# Accucraft K36



## crackerjackhoghead (Aug 5, 2010)

Hello,
I just picked up a used Accucraft K36. As I understand it, this model is about 10-12 years old. It has an older Phoenix sound system (BigSound 2K2) in it and I'm thinking of replacing it with a newer system. My other engines have QSI decoders in them so I would like to go the same route with this. I'm wondering if anybody else has experience with converting a K36 or similar Accucraft engine?

Also, does anybody know how many of these were produced with electric drive?

Thanks


----------



## Greg Elmassian (Jan 3, 2008)

See my site on my QSI in an AML K4 pacific, basically same wiring as yours:

http://www.elmassian.com/large-scal...tive-power/k4/k4-qsi-rewire-aamp-install.html

Greg


----------



## crackerjackhoghead (Aug 5, 2010)

Greg,
Thanks. The schematic that came with my engine is a little different than yours and shows all twelve connector pins being used. I haven't had a chance to confirm that that is actually the case but hopefully I won't have the same wiring issues that you had. 

I purchased the 10 amp Titan decoder for this but now, after reading your article, I'm concerned that the project may already be doomed from the start?

Jeff


----------



## livesteam53 (Jan 4, 2008)

My opinion is the Phoenix sound system (BigSound 2K2) is by far a better sound system.


----------



## crackerjackhoghead (Aug 5, 2010)

Mark,
To me the Phoenix sound sounds like a synthesized sound repeated over and over in a loop whereas the QSI sound is an actual recording of the real thing, admittedly, still in a loop but a much longer one. The Phoenix seems to repeat with every revolution of the wheels. What is it that you like better about the Phoenix or dislike with the QSI?

Jeff


----------



## Greg Elmassian (Jan 3, 2008)

The QSI has 32 channels of sounds with much more randomization than the Phoenix, and much more programmability.
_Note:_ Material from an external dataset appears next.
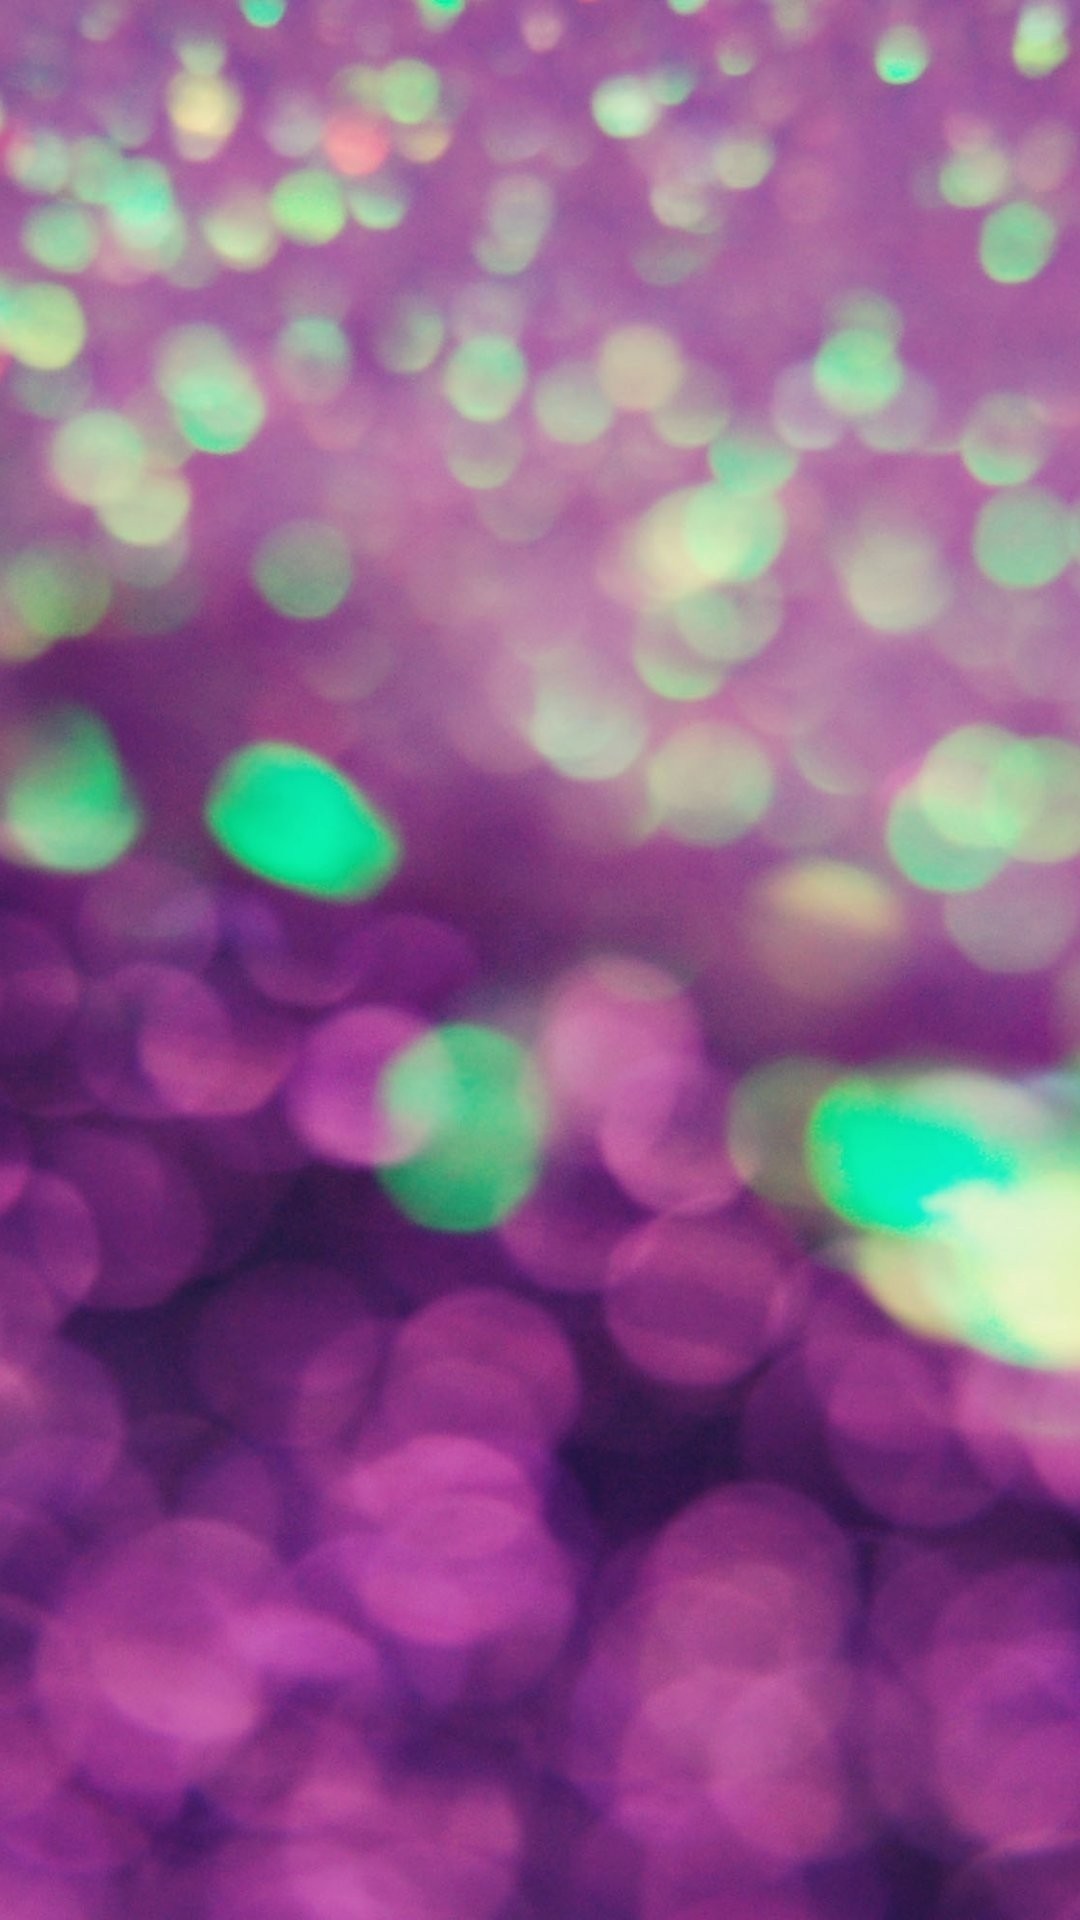 iphone 6 1080pのhd壁紙,緑,紫の,バイオレット,ピンク,ライラック

The Phoenix sounds are beautiful in my opinion, but just dated, and lacking the sophistication of newer designs. I do believe though that the Phoenix are actual high quality recordings of the real thing.

The emulator sounds in the QSI are another cut above. The steam files are not quite done yet, but you have ever listened to the new diesel sounds, you will find that there is no comparison out there. The updated steam is coming.

Greg


----------